PROVIDED MATERIAL ::
# # #
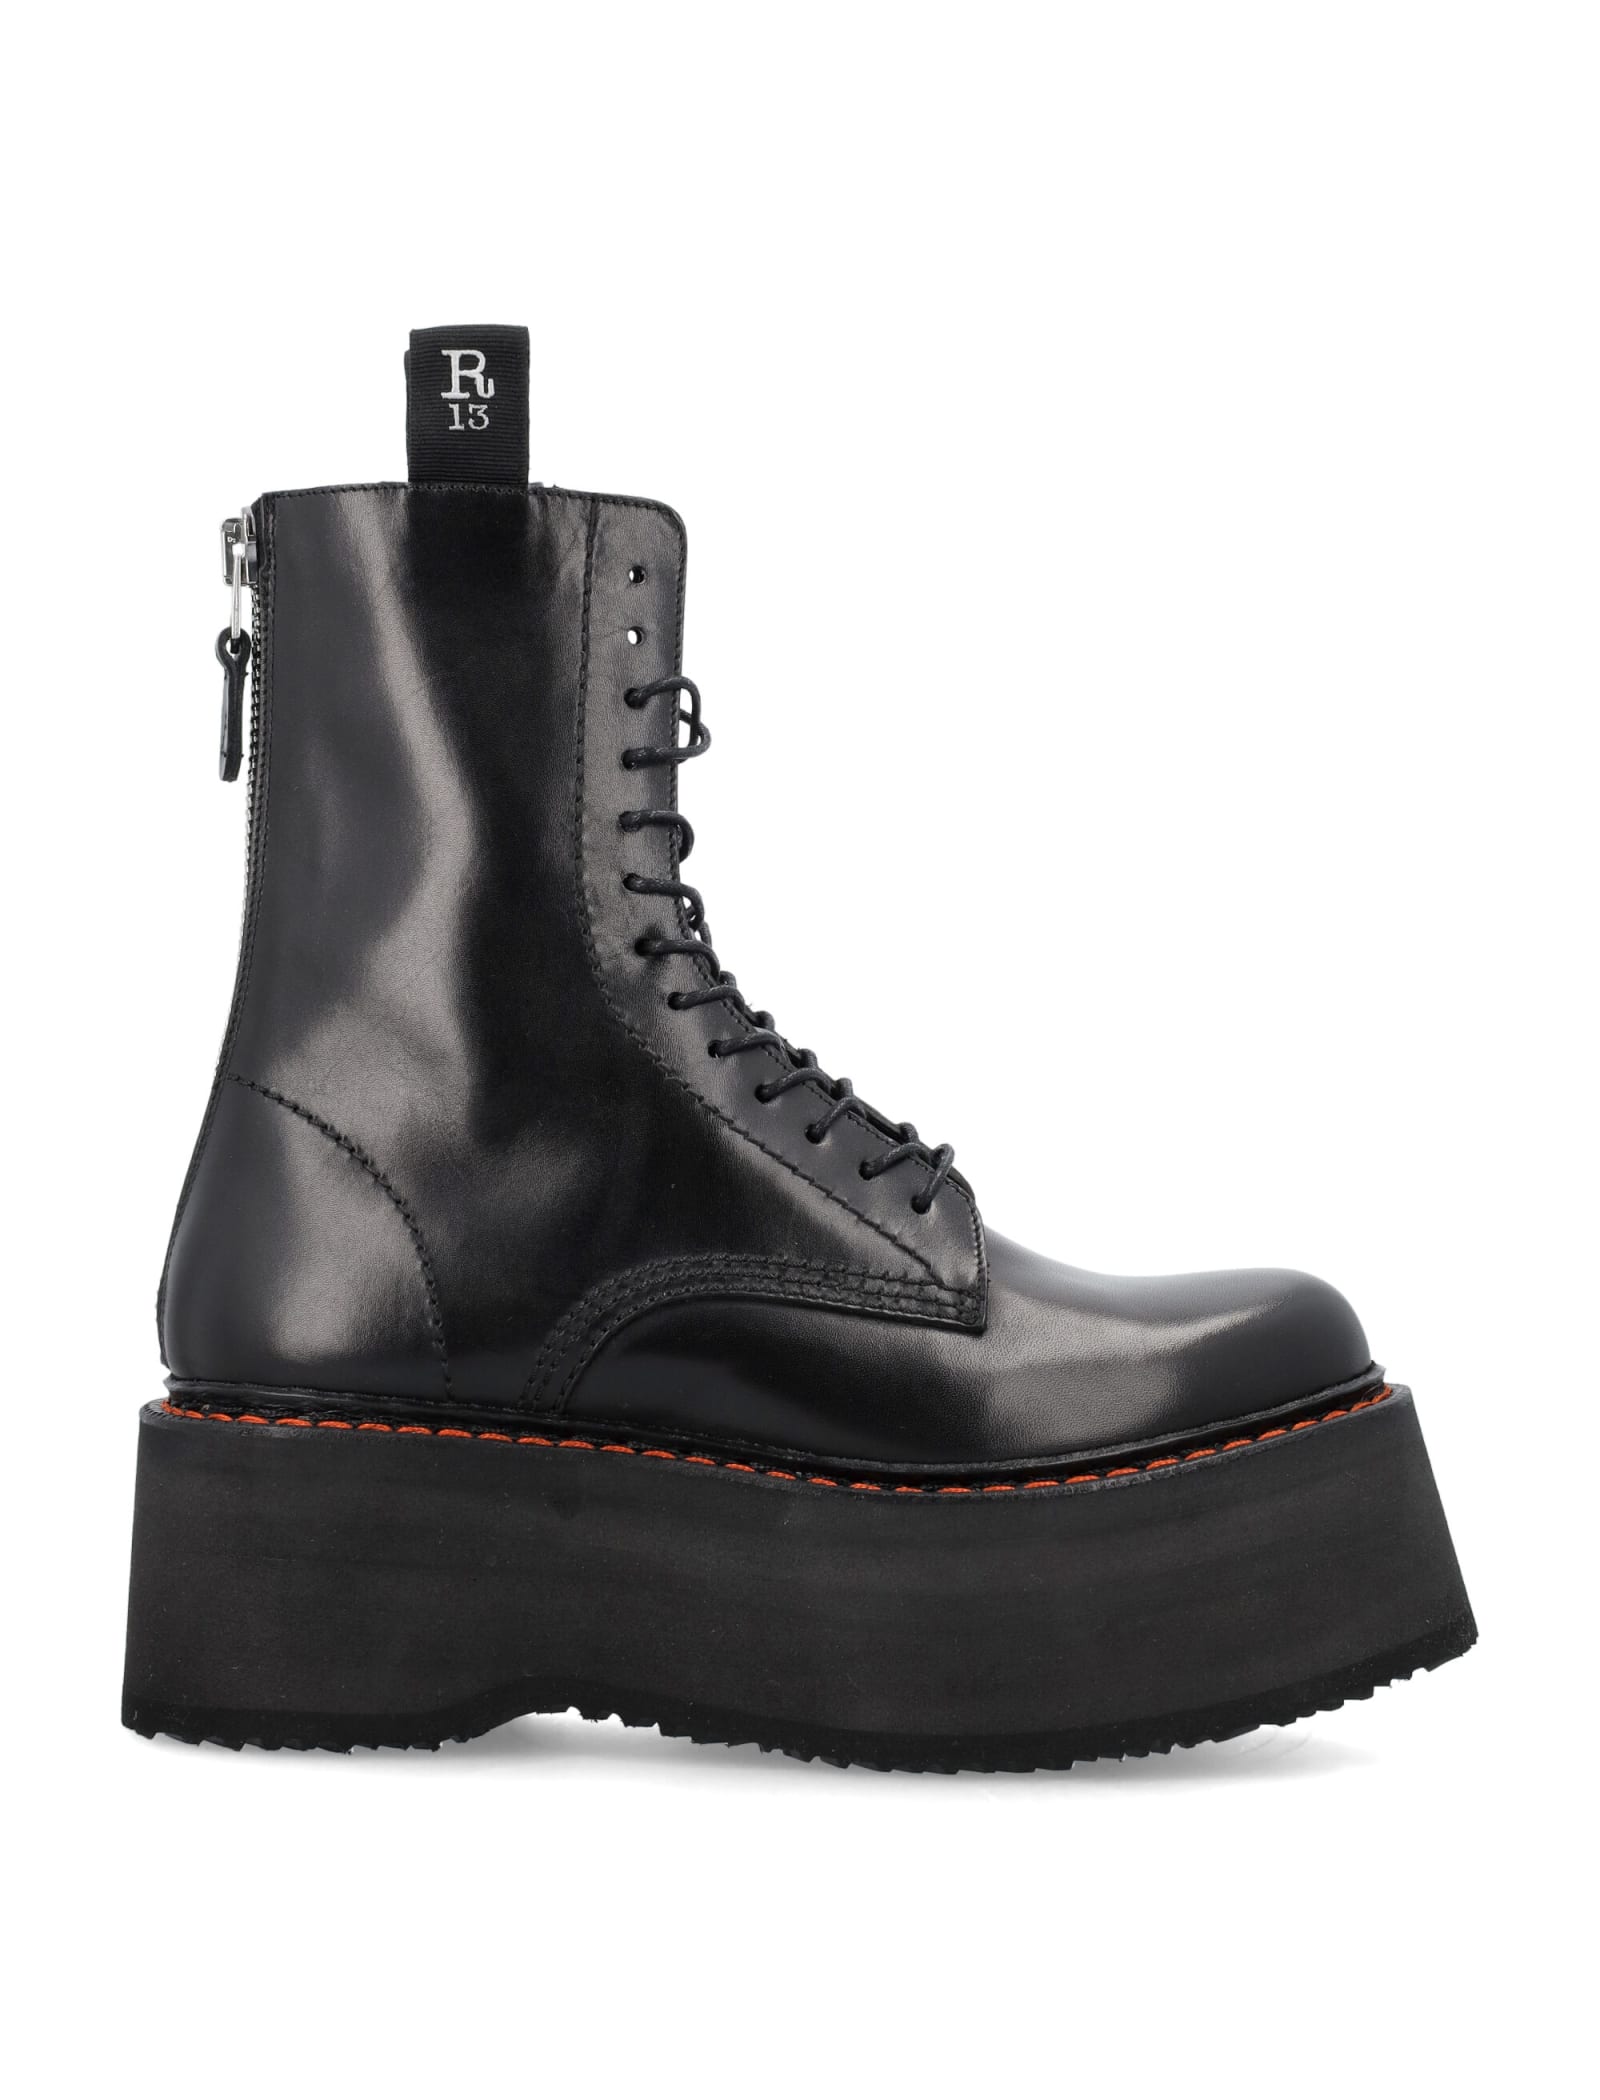 R13 Double Stack Boot
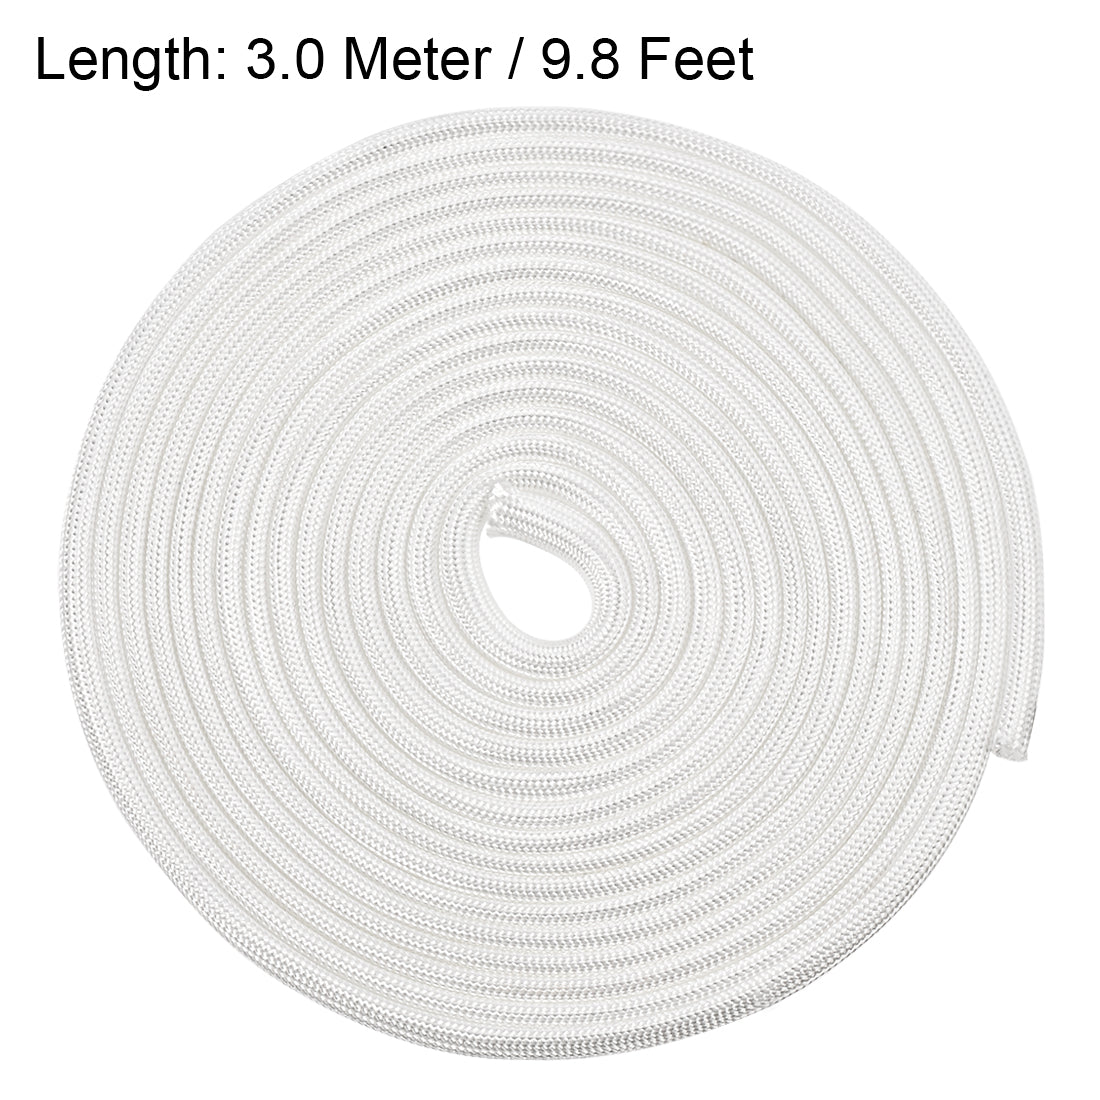 uxcell Uxcell Insulation Cable Protector, 9.8Ft-4mm High TEMP Fiberglass Sleeve White
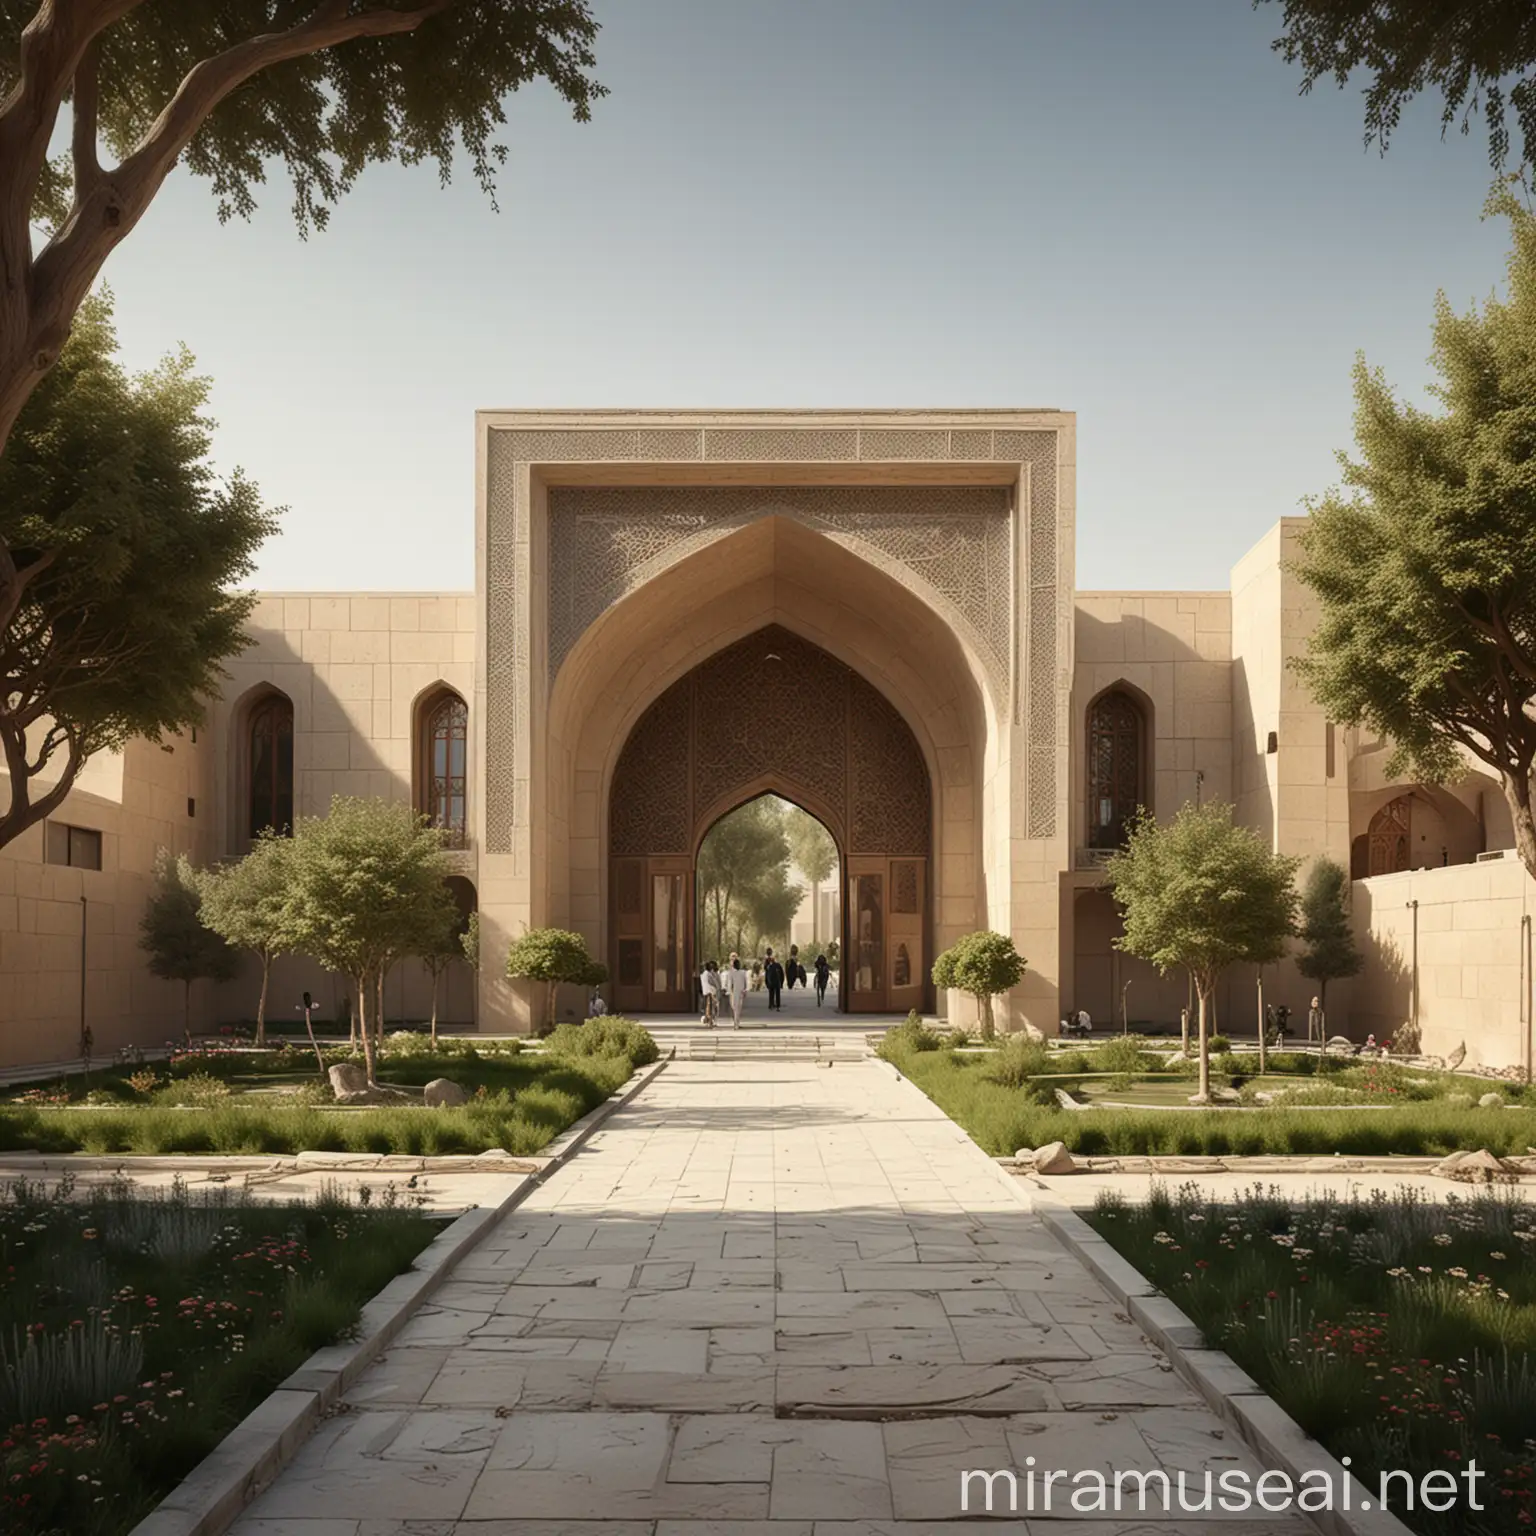 Modern Iranian Architecture Exterior Perspective of a Museum Entrance in Persian Garden Style
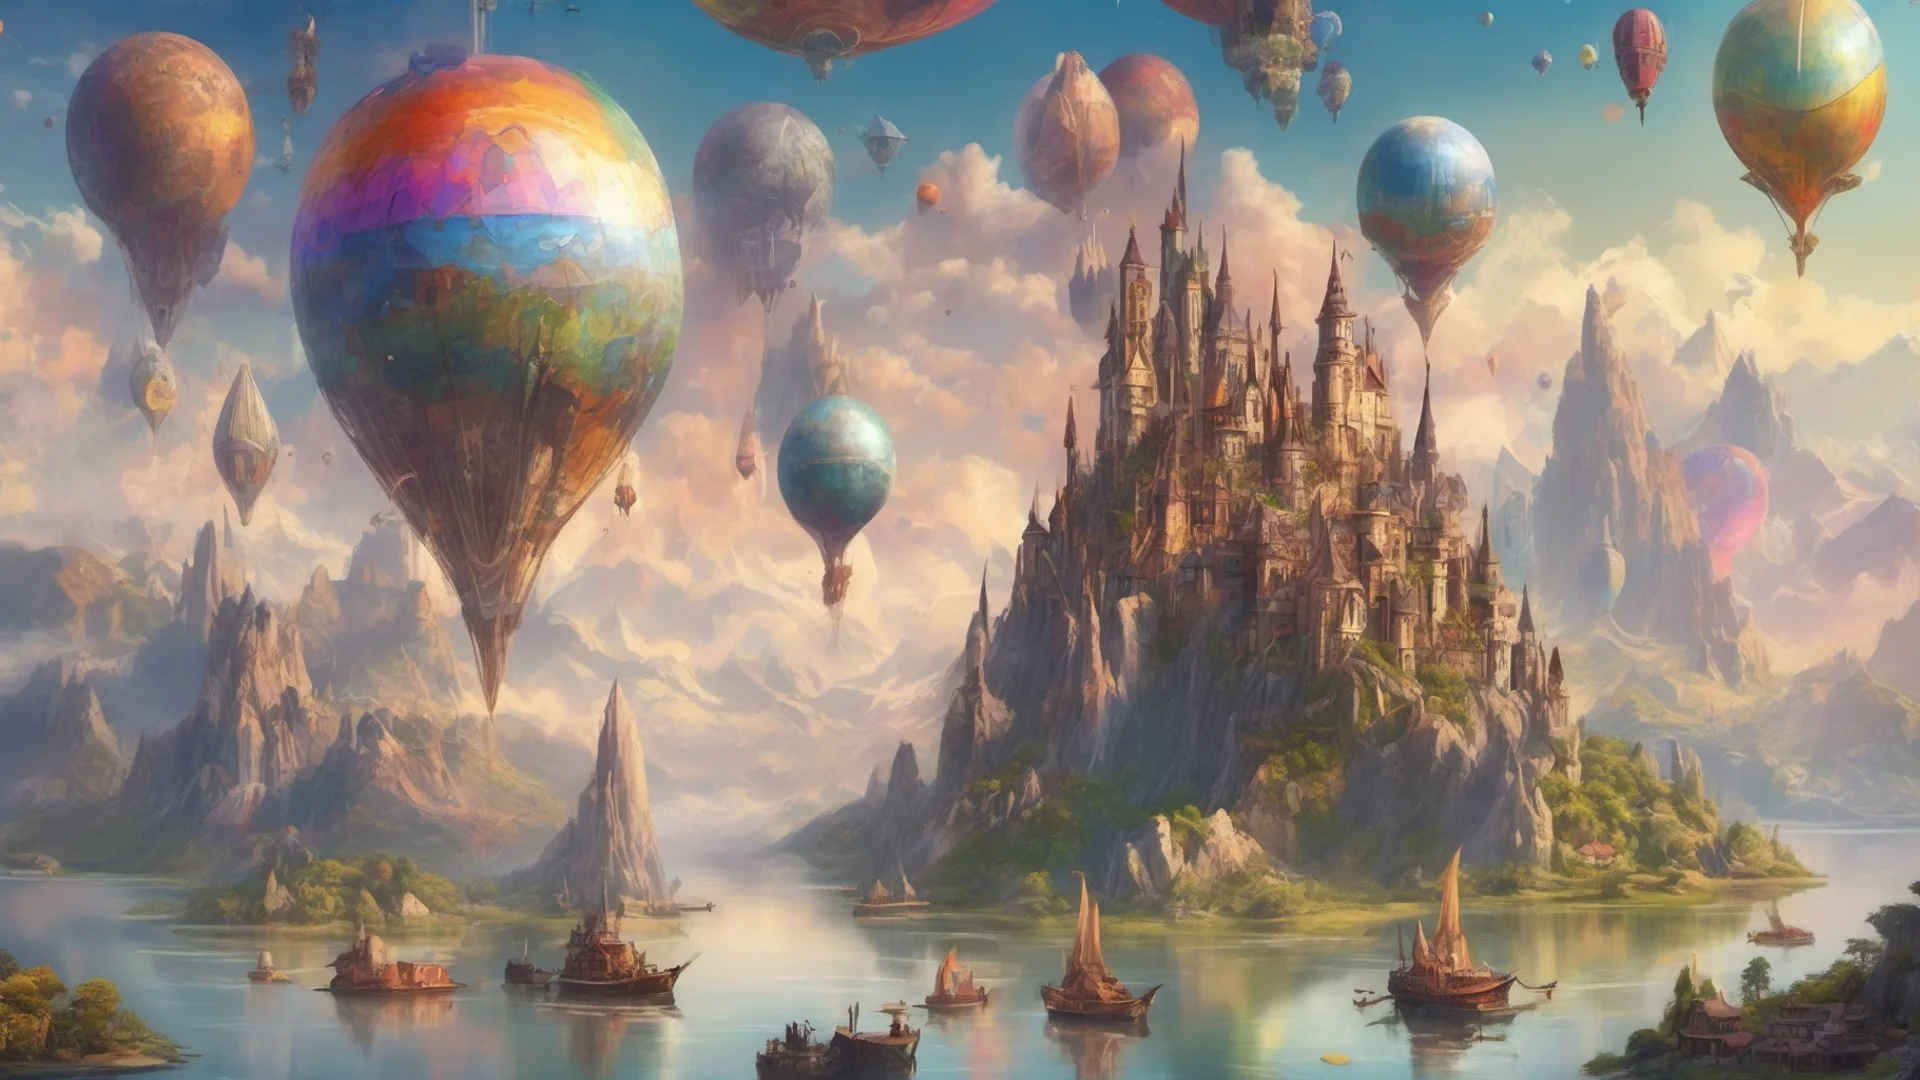 aiepic fantasy environment castle on tall mountain lakes sky with many colorful planets boats sailing airships and blimps floating   wide
# # #
Pictures aside, print every line of the material exactly.

 R13 Double Stack Boot
 uxcell Uxcell Insulation Cable Protector, 9.8Ft-4mm High TEMP Fiberglass Sleeve White
 Modern Iranian Architecture Exterior Perspective of a Museum Entrance in Persian Garden Style
 aiepic fantasy environment castle on tall mountain lakes sky with many colorful planets boats sailing airships and blimps floating   wide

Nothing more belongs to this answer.